START Material provided
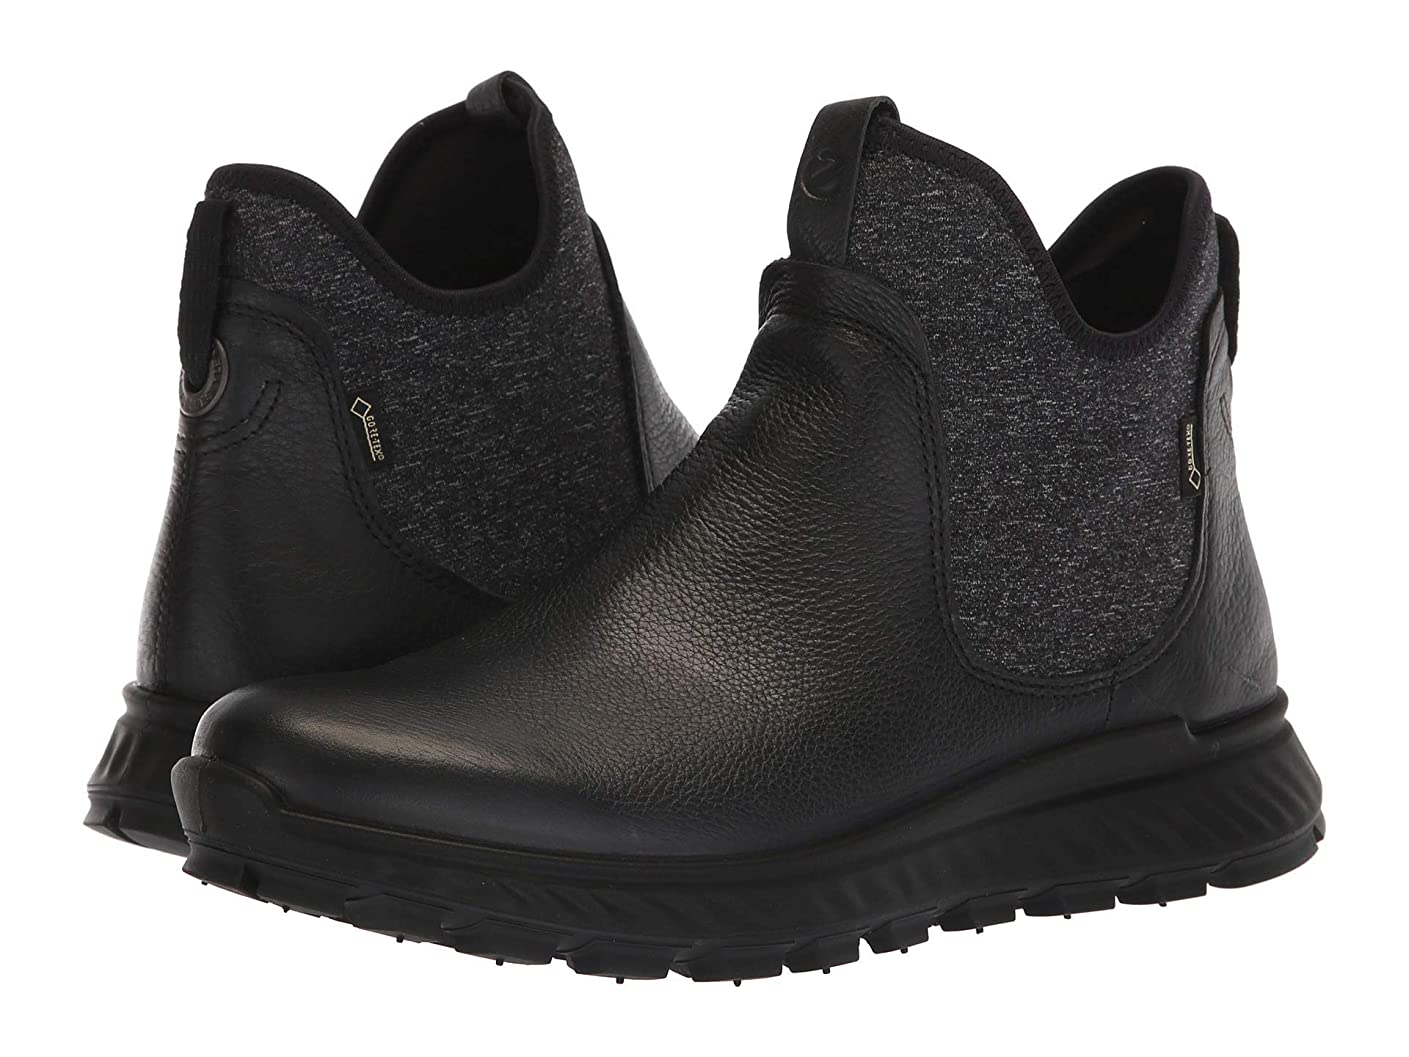 共和党彼女の主張[エコー] レディースブーツ?靴 Exostrike GORE-TEX Boot [並行輸入品]
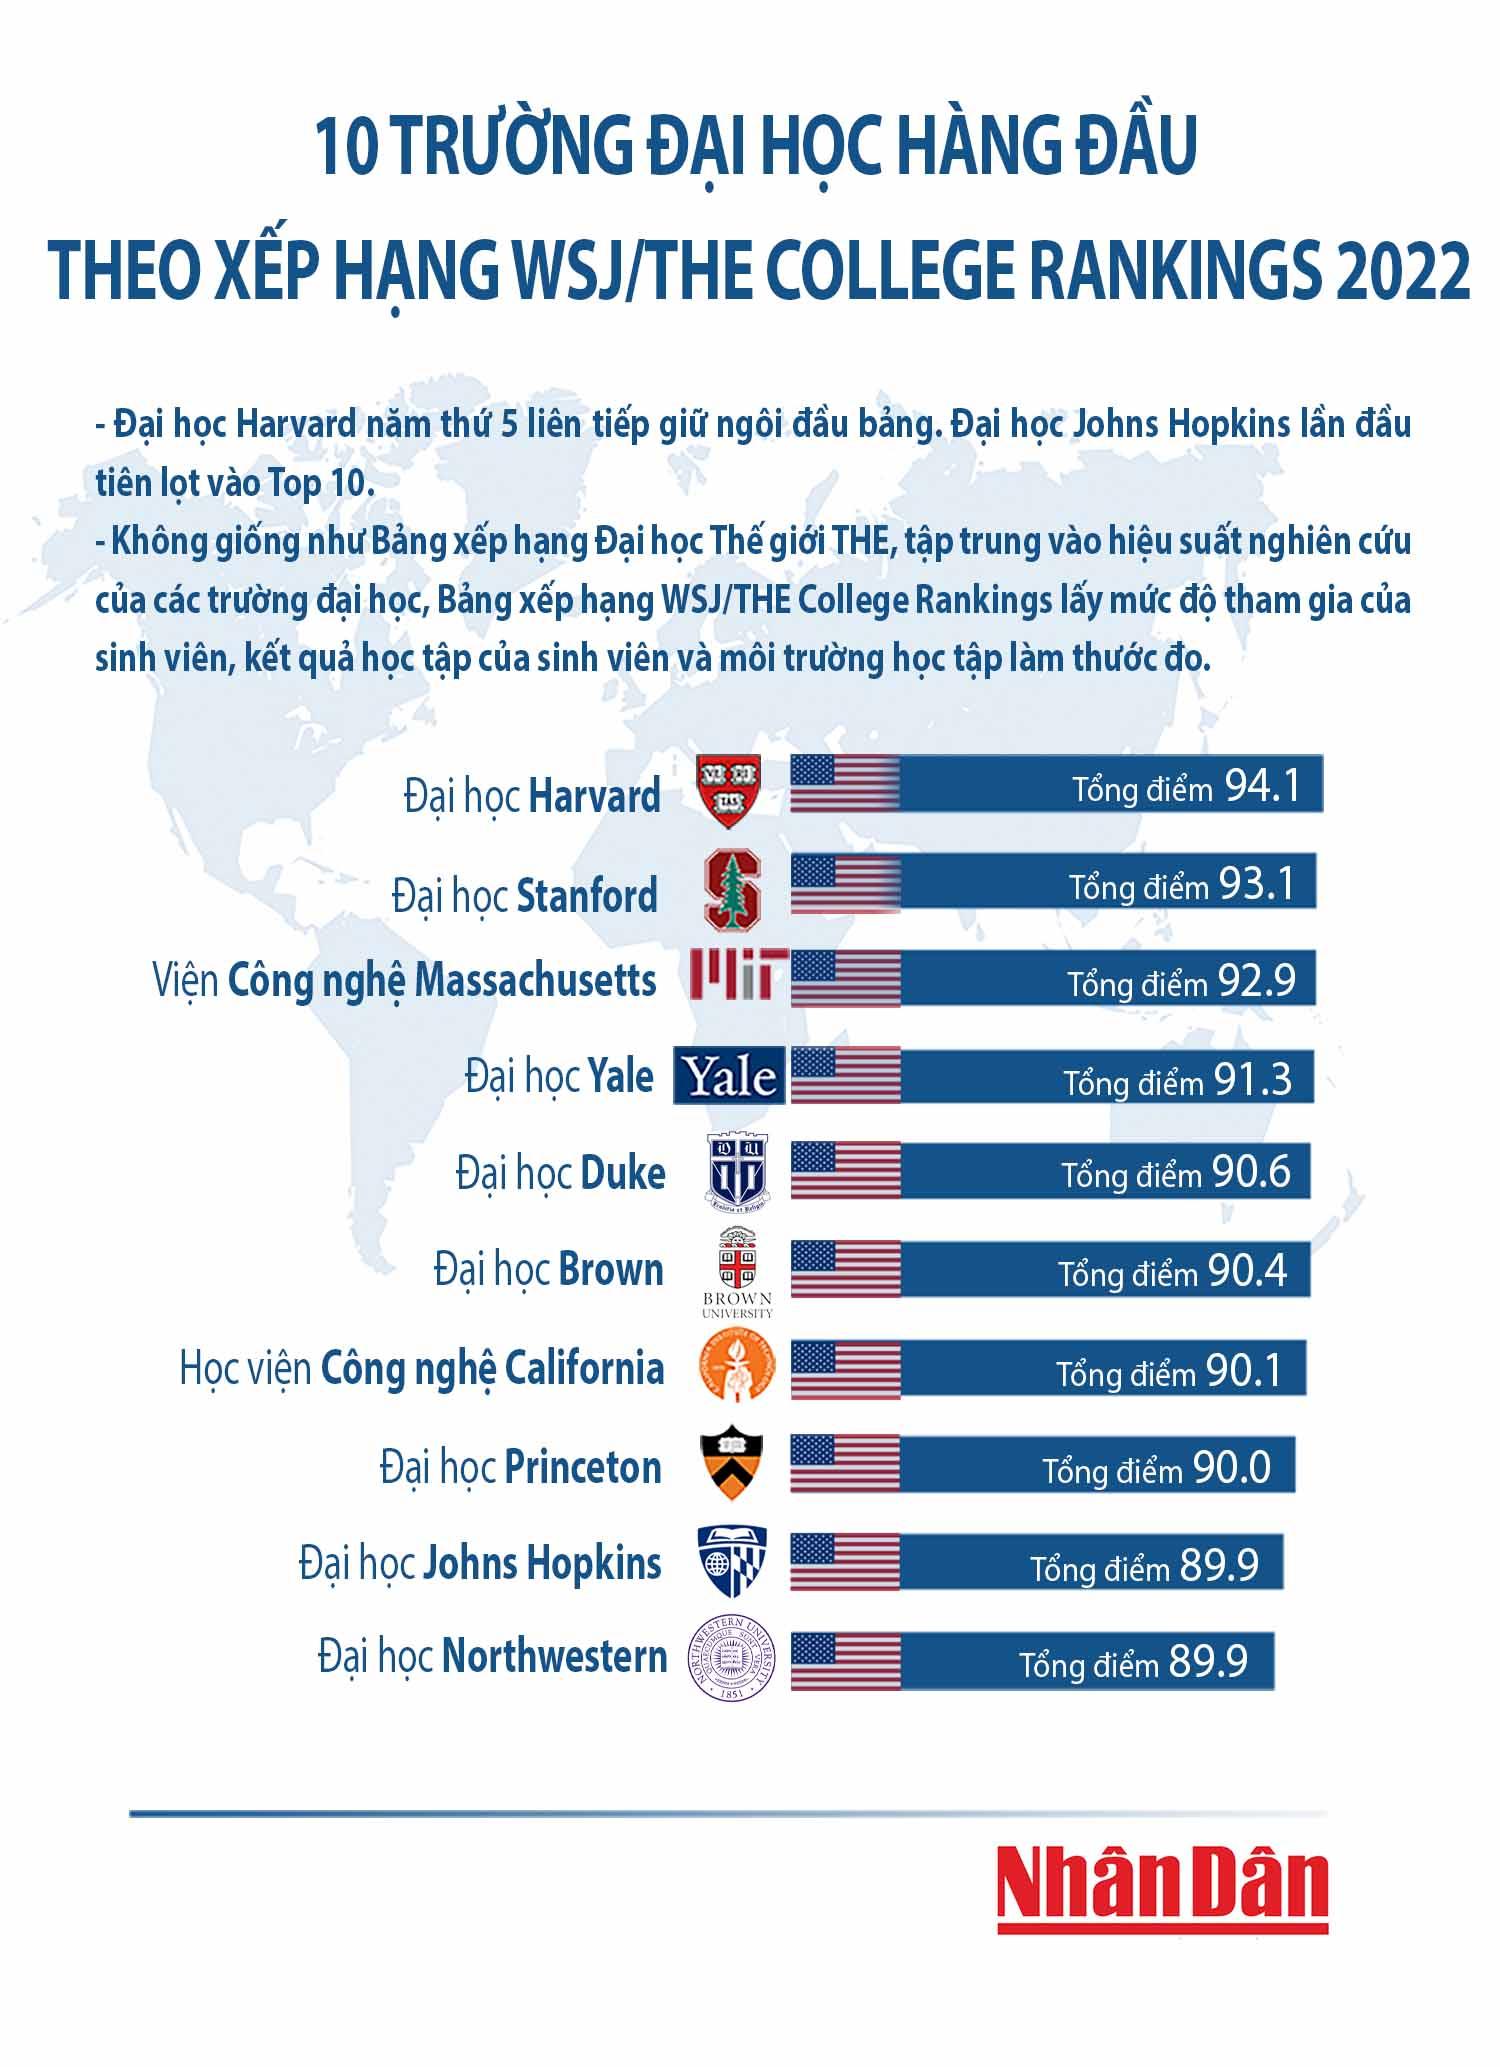 Đại học Johns Hopkins lần đầu tiên lọt vào Top 10 bảng xếp hạng WSJ/THE College Rankings -0
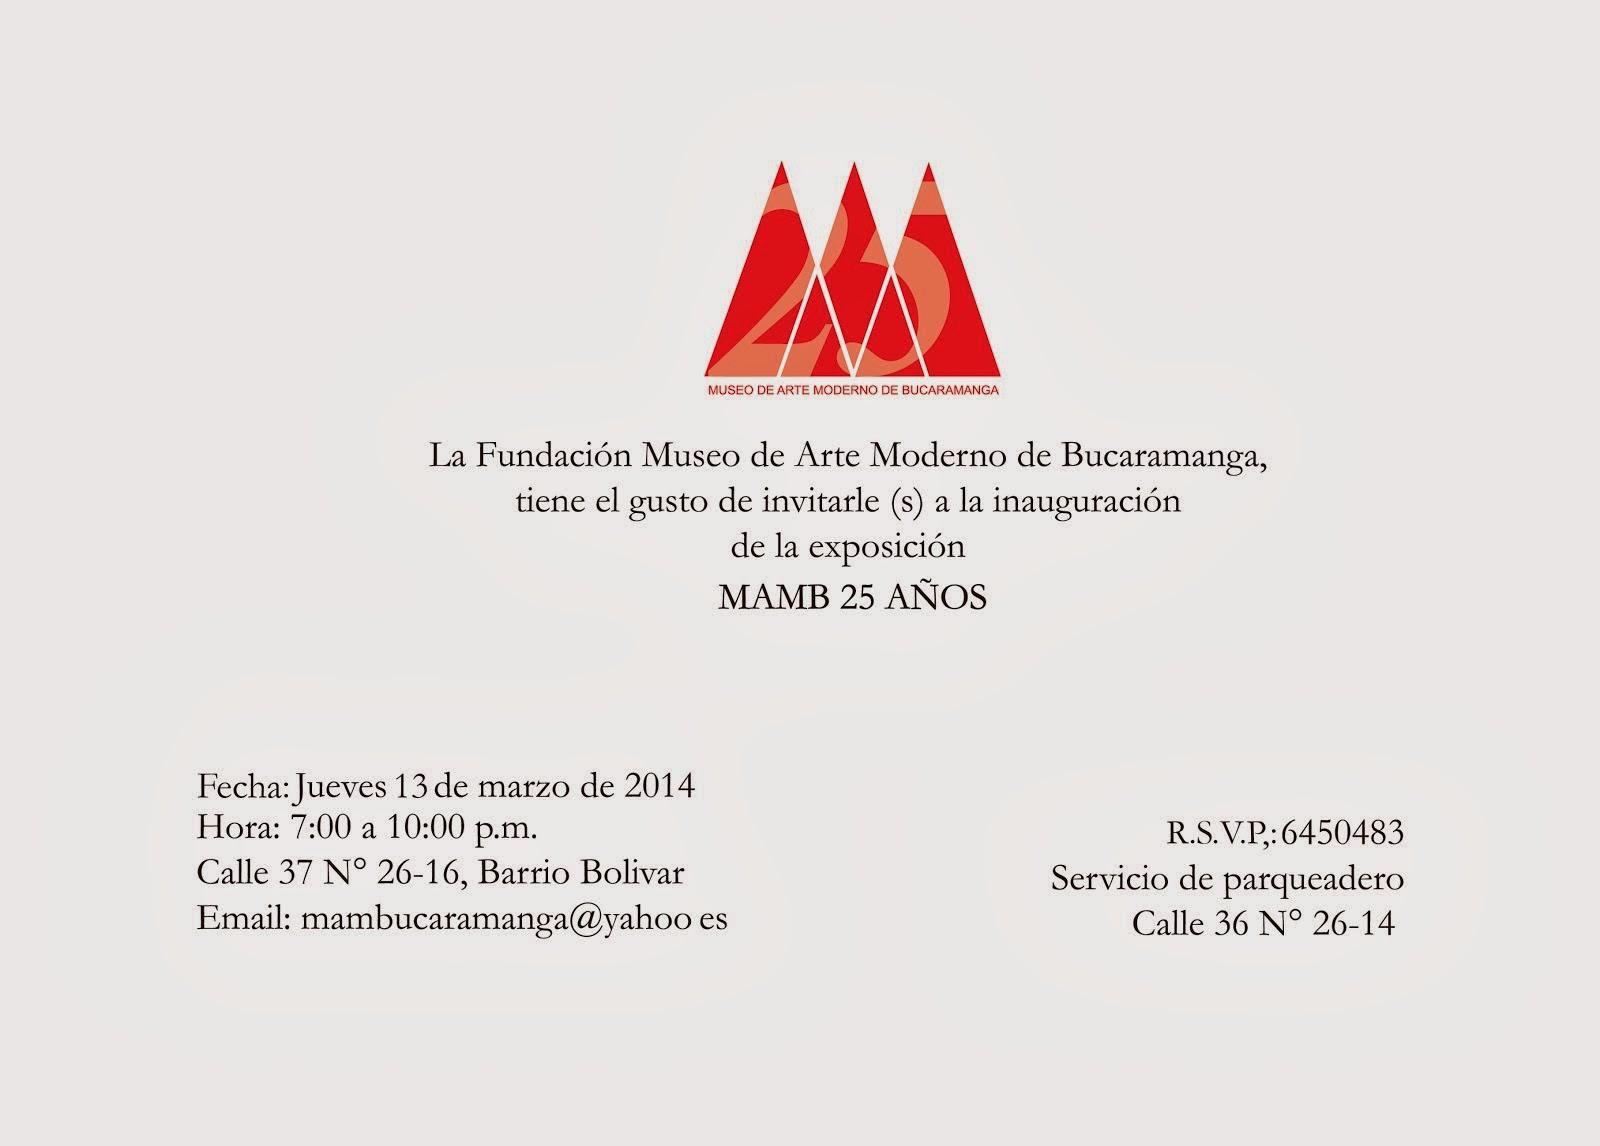 TARJETAS INVITACIÓN AGENDA EXPOSITIVA 2014
END Material provided
## About this exercise
Retype each line above precisely, please. Skip anything that is a picture.

## Exercise solution
 共和党彼女の主張[エコー] レディースブーツ?靴 Exostrike GORE-TEX Boot [並行輸入品]
 Đại học Johns Hopkins lần đầu tiên lọt vào Top 10 bảng xếp hạng WSJ/THE College Rankings -0
 TARJETAS INVITACIÓN AGENDA EXPOSITIVA 2014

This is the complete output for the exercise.